> Material provided:
____________________

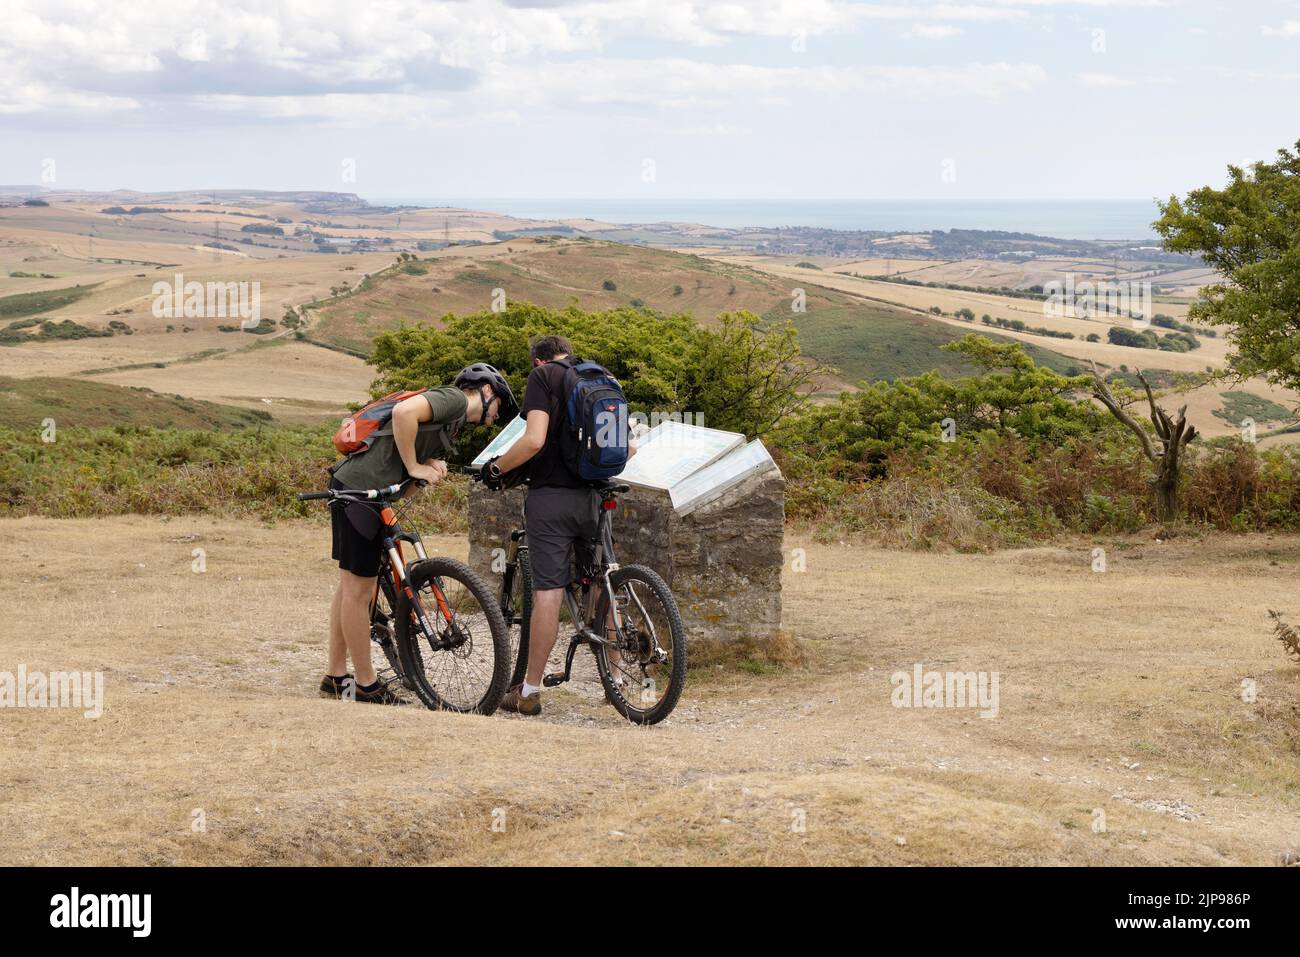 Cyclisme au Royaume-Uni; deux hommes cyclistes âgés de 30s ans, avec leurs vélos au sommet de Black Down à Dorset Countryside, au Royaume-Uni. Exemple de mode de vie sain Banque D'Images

____________________

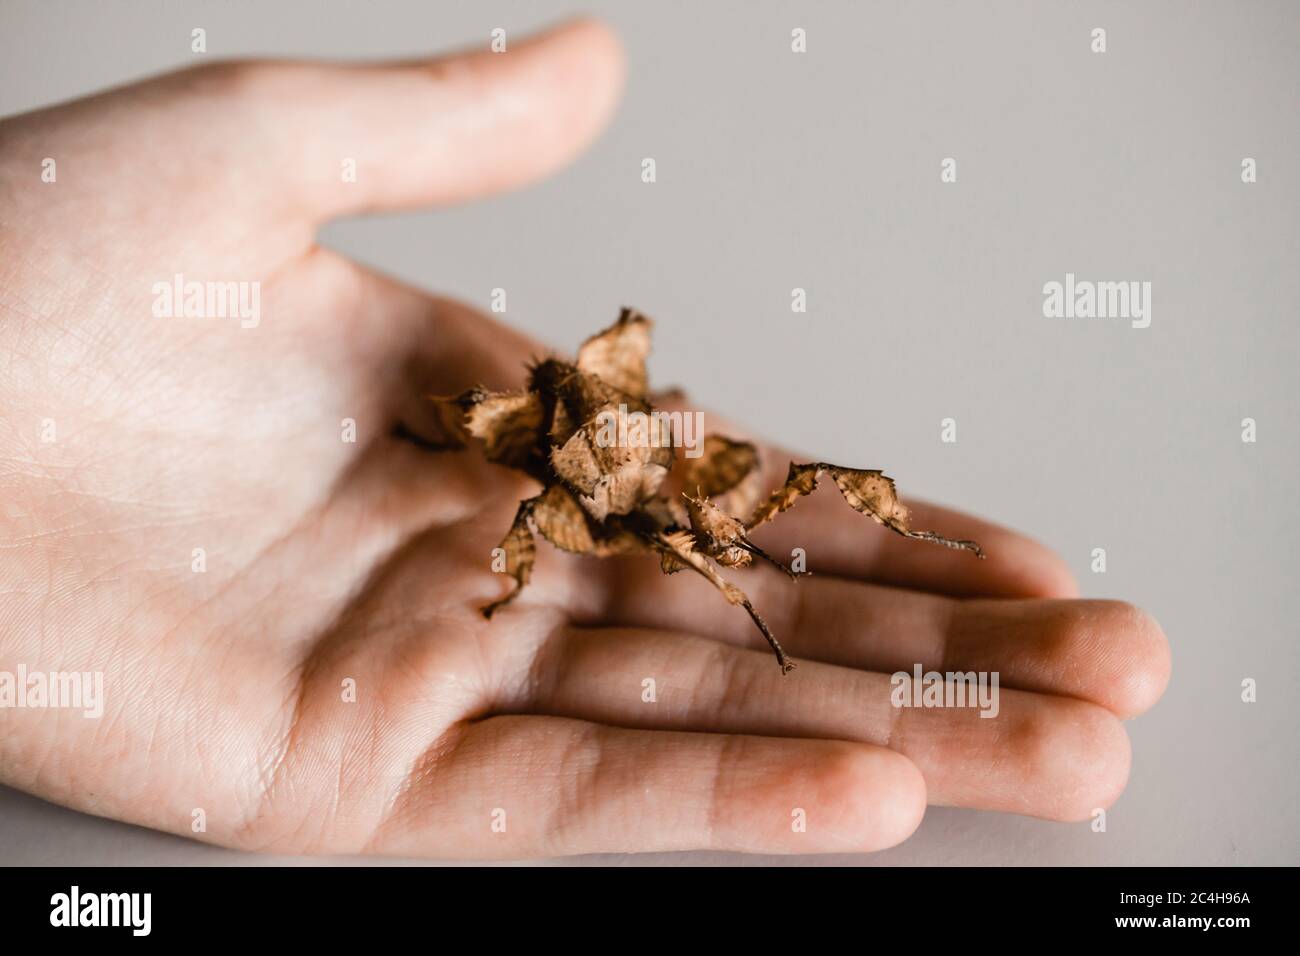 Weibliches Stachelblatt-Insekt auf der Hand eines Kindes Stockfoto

____________________

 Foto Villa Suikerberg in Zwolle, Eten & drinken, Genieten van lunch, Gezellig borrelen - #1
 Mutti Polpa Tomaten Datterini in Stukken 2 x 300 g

____________________

> Exercise description: Among the entries above, the lines between the ones containing "Foto Villa Suikerberg" and "Mutti Polpa Tomaten", inclusive, are to be transcribed exactly. No other line is to be given.

> Response area:
 Foto Villa Suikerberg in Zwolle, Eten & drinken, Genieten van lunch, Gezellig borrelen - #1
 Mutti Polpa Tomaten Datterini in Stukken 2 x 300 g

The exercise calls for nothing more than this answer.